The Lossy Horizon: Error-Bounded Predictive Coding for Lossy Text Compression (Episode I)
2510.22207v1
cs.LG, cs.CL, cs.IT, math.IT, 94A08, 68P30, 68T50, E.4; I.2.7; I.2.7
2025-10-29
Авторы:
Nnamdi Aghanya, Jun Li, Kewei Wang
Abstract
Large Language Models (LLMs) can achieve near-optimal lossless compression by
acting as powerful probability models. We investigate their use in the lossy
domain, where reconstruction fidelity is traded for higher compression ratios.
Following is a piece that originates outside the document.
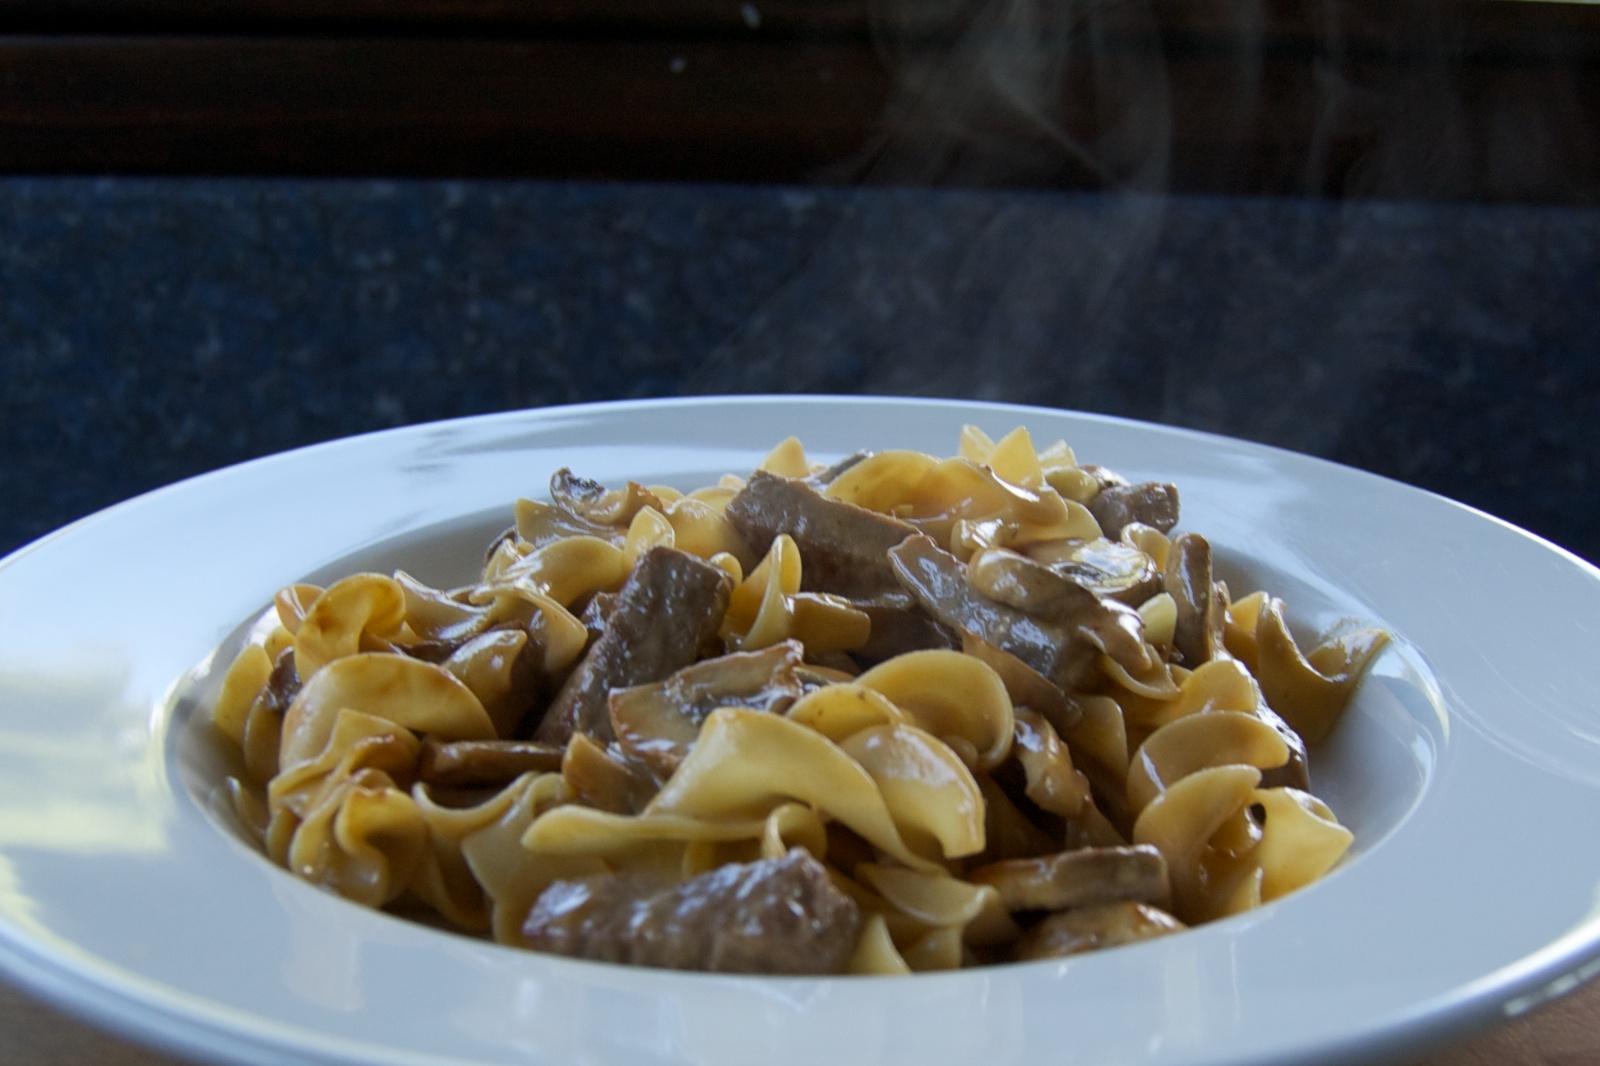 http://blog.rickk.com/food/2012/08/24/ate.2012.08.23.d.jpg

This paper introduces Error-Bounded Predictive Coding (EPC), a lossy text codec
that leverages a Masked Language Model (MLM) as a decompressor. Instead of
storing a subset of original tokens, EPC allows the model to predict masked
content and stores minimal, rank-based corrections only when the model's top
prediction is incorrect. This creates a residual channel that offers continuous
rate-distortion control. We compare EPC to a simpler Predictive Masking (PM)
baseline and a transform-based Vector Quantisation with a Residual Patch
(VQ+RE) approach. Through an evaluation that includes precise bit accounting
and rate-distortion analysis, we demonstrate that EPC consistently dominates
PM, offering superior fidelity at a significantly lower bit rate by more
efficiently utilising the model's intrinsic knowledge.